In the hypothesis of small strains and homogeneous material, the bending part of Cauchy stress \(\sigma \) reads as

$$\begin{aligned} \sigma _f={\mathcal {C}_f}{\epsilon _{f}} \end{aligned}$$
(3.20)

where \({\mathcal {C}_f}\) is defined as

$$\begin{aligned} {\mathcal {C}_f}=\frac{E}{\left( 1-\nu ^2\right) }\left[ \begin{array}{ccc} 1&{}\nu &{}\nu \\ \nu &{} 1&{} \nu \\ 0&{}0&{} \displaystyle \frac{1-\nu }{2}\\ \end{array}\right] \end{aligned}$$
(3.21)

Shear stress components are given by

$$\begin{aligned} \sigma _{c}={\mathcal {C}_c}{\epsilon _{c}} \end{aligned}$$
(3.22)

where \({\mathcal {C}_c}\) is defined as

$$\begin{aligned} {\mathcal {C}_c}=\kappa \frac{E}{2\left( 1+\nu \right) }\left[ \begin{array}{ccc} 1&{}0 \\ 0 &{} 1 \\ \end{array}\right] \end{aligned}$$
(3.23)

where \(\kappa \) is the shear correction factor. Now, since the vector field \(U=\left( u,v, w\right) \) can be fully characterized for given \(d^T=\left( \theta _x,\theta _y, w\right) \) thanks to Eq. (3.17), we assume in the discretized space, the following interpolation

$$\begin{aligned} \theta _x=\sum ^{n}_{i=1}{N_i{\theta _x}_i};\qquad \theta _y=\sum ^{n}_{i=1}{N_i{\theta _y}_i};\qquad w=\sum ^{n}_{i=1}{N_i{w_i}} \end{aligned}$$
(3.24)

In virtue of this general approximation, the bending \(B_f\) and shear \(B_c\) strain matrices can be readily written out.

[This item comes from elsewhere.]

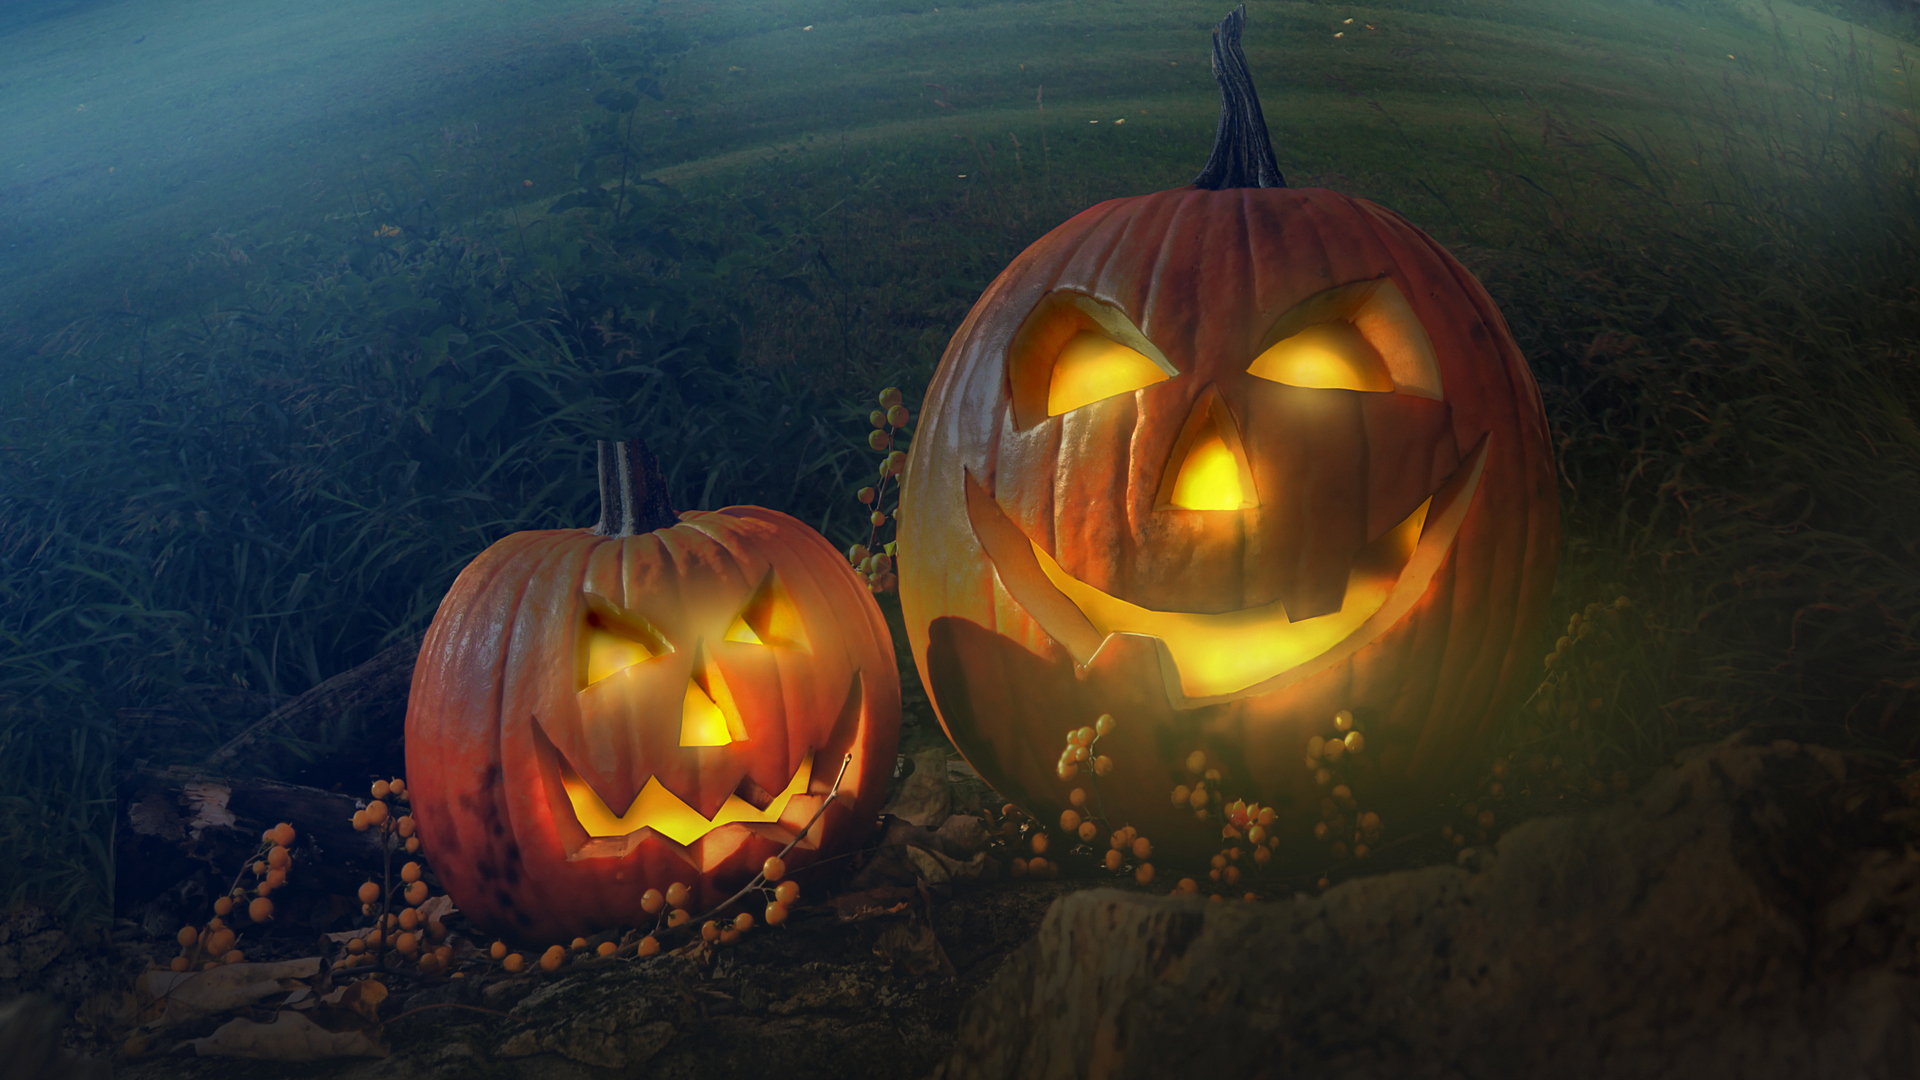 [47+] 1920x1080 HD Halloween Wallpaper on WallpaperSafari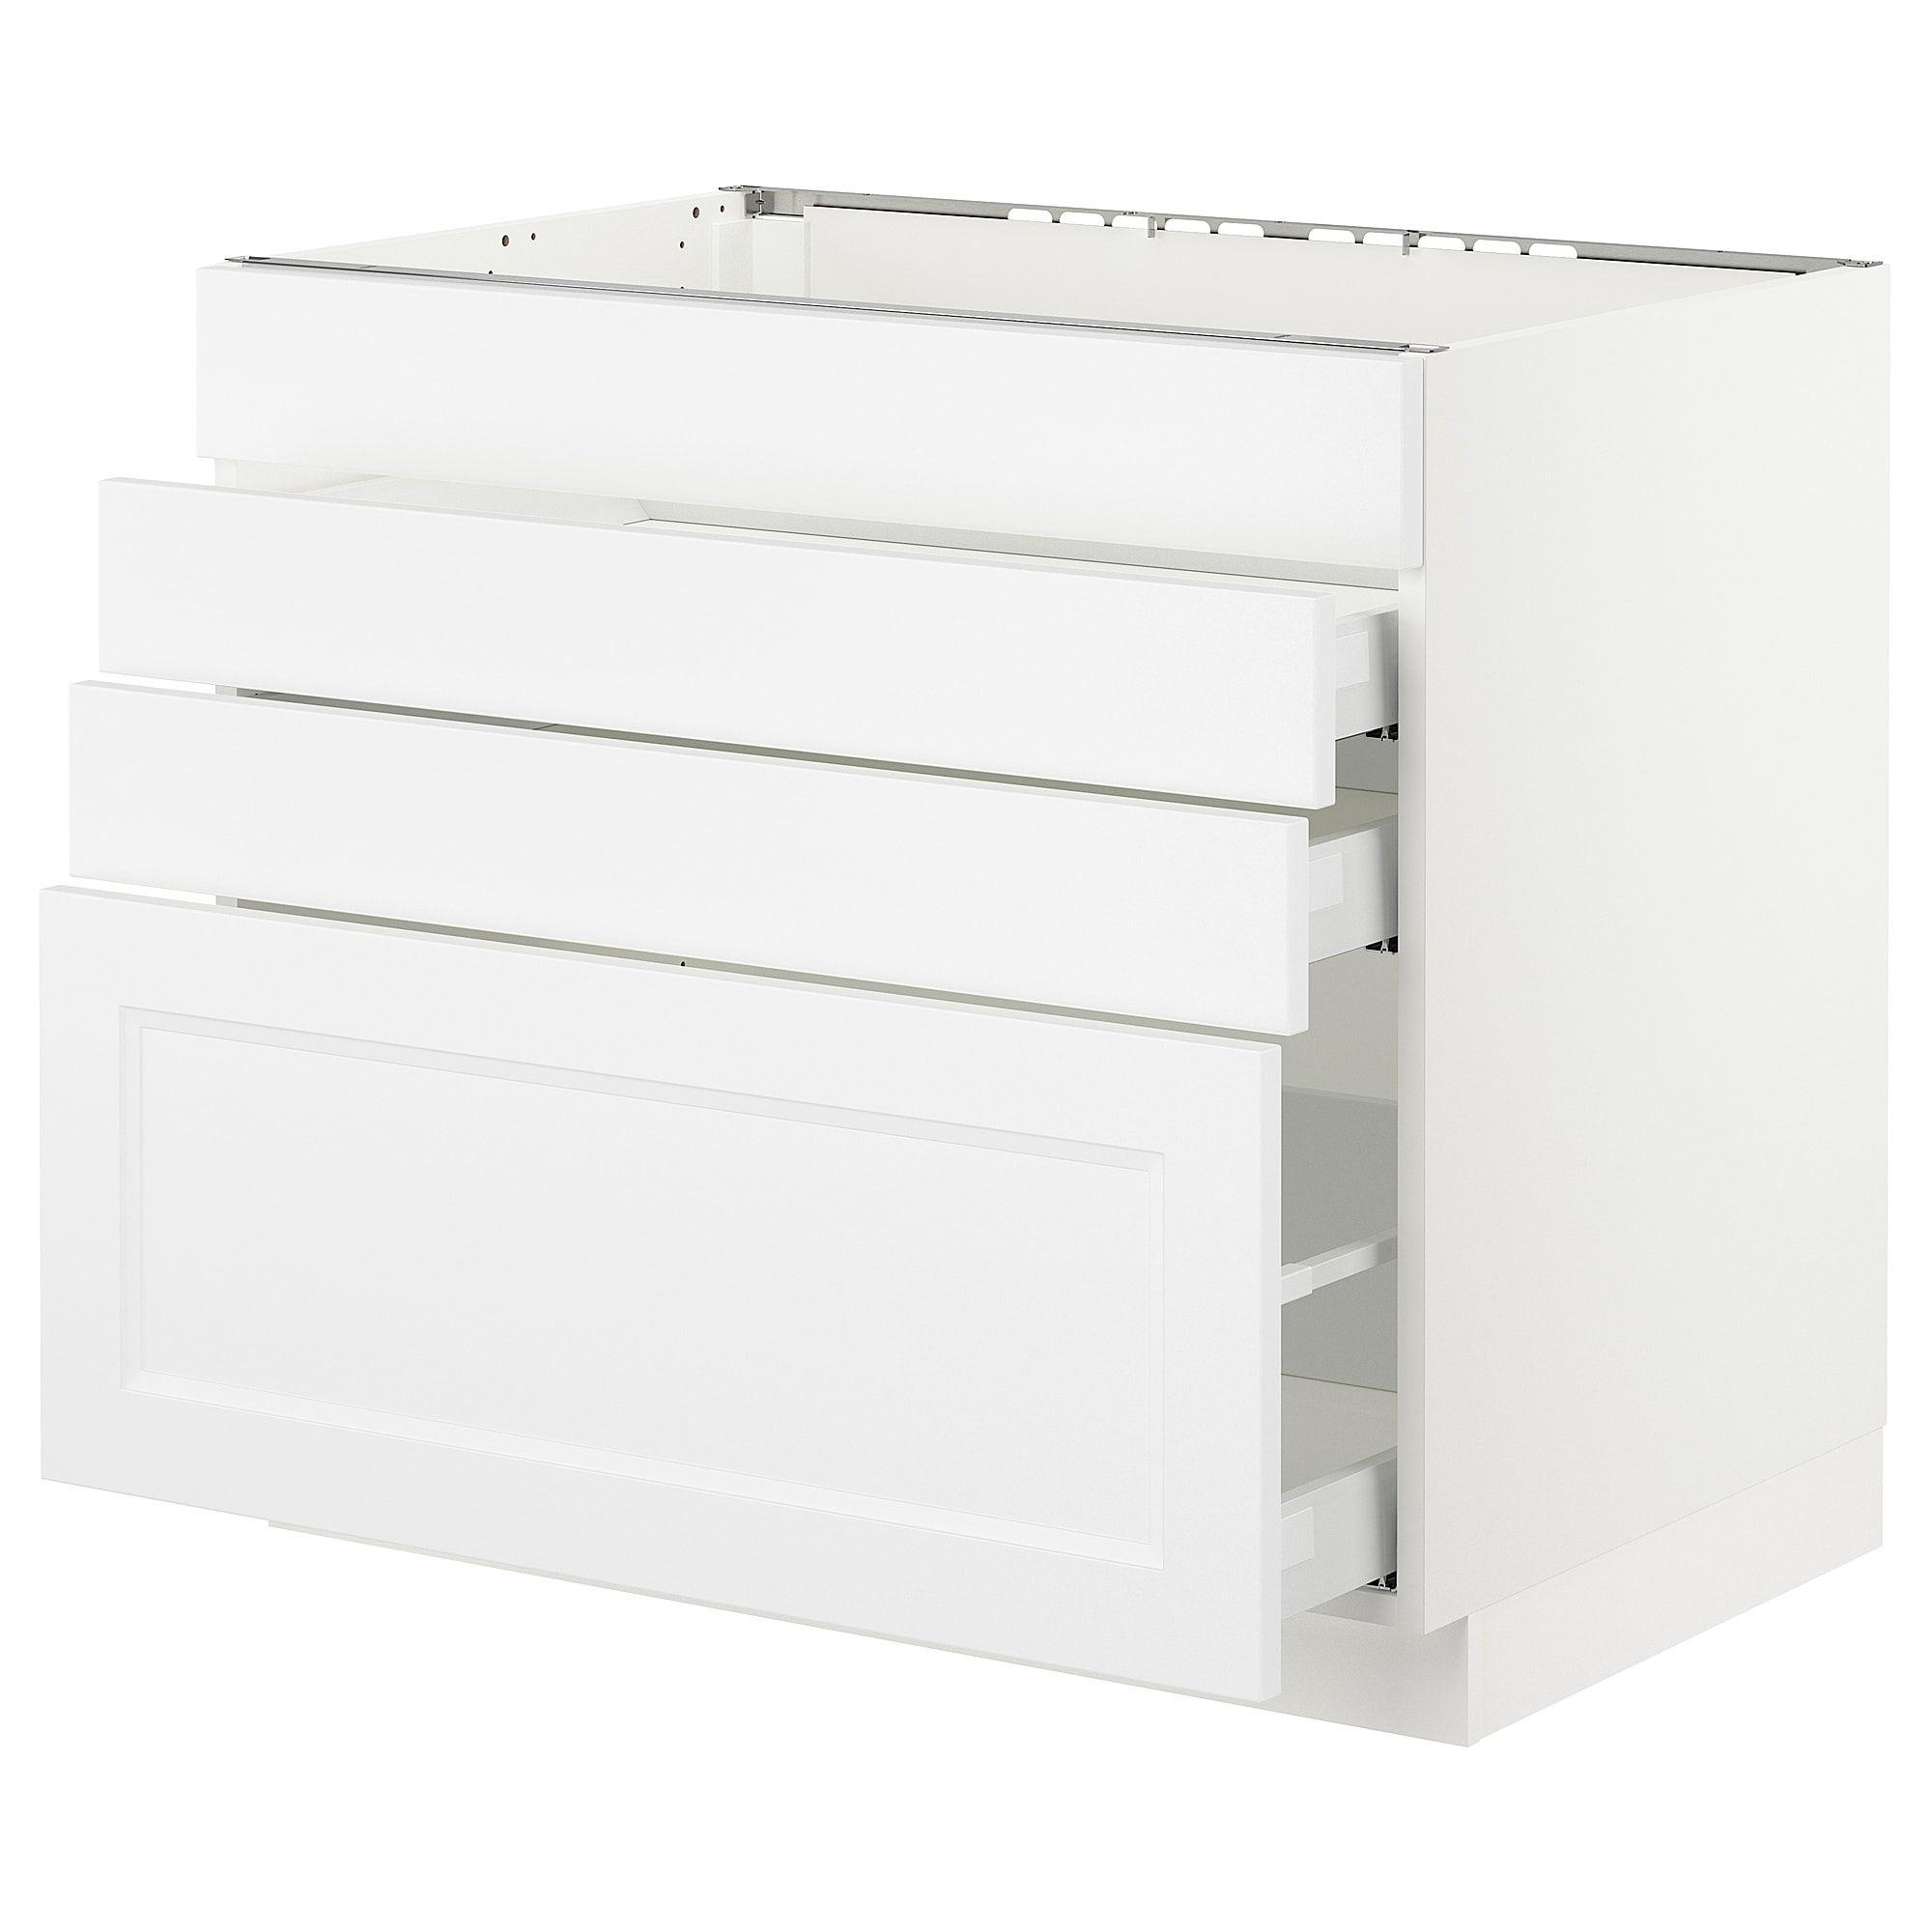 Ikea Sektion White Maximera Axstad Matt White Base Cabinet F Cooktop W 3 Drawers Base Cabinets Wardrobe Cabinets Ikea

$$\begin{aligned} B_{f}\mathrm {=}\left[ \begin{array}{cccccccccc} N_{1,x}&{}0&{}0&{}\dots &{} N_{n,x} &{}0&{}0 \\ 0&{} N_{1,y}&{}0 &{} \dots &{} 0 &{} N_{n,y} &{}0\\ N_{1,y}&{} N_{1,x}&{}0 &{} \dots &{} N_{n,y} &{} N_{n,x} &{}0\\ \end{array}\right] ; B_{c}\mathrm {=}\left[ \begin{array}{cccccccccc} N_{1}&{} 0 &{}N_{1,x} &{}\dots &{}N_{n}&{} 0 &{}N_{n,x}\\ 0 &{} N_{1} &{}N_{2,y} &{}\dots &{}0&{} N_{n} &{}N_{n,y}\\ \end{array}\right] \end{aligned}$$
(3.25)

After replacing Eqs.(3.25), (3.24), (3.22) and Eq.(3.20) into Eq.(2.9) and simplifying everything, we end up with Eq.(3.26)

(3.26)

where \(\overline{M}\) reads as

$$\begin{aligned} \overline{M}=\displaystyle \left[ \begin{array}{ccc} \frac{h^3}{12}&{}0&{}0 \\ 0 &{} \frac{h^3}{12}&{}0 \\ 0 &{} 0&{}h \\ \end{array}\right] \end{aligned}$$
(3.27)

After assembling, we end up with the system of partial differential equations below

$$\begin{aligned} {M_g}{{\ddot{d}}}+{K_g}{d}={F_{ext}}\,\quad d \in {{\mathbb {R}}^{nn*m}} \end{aligned}$$
(3.28)

It is important to bear in mind that in Eq.(3.28), the shear-related component of the stiffness matrix is calculated using reduced integration. This prevents shear-locking problems from occurring.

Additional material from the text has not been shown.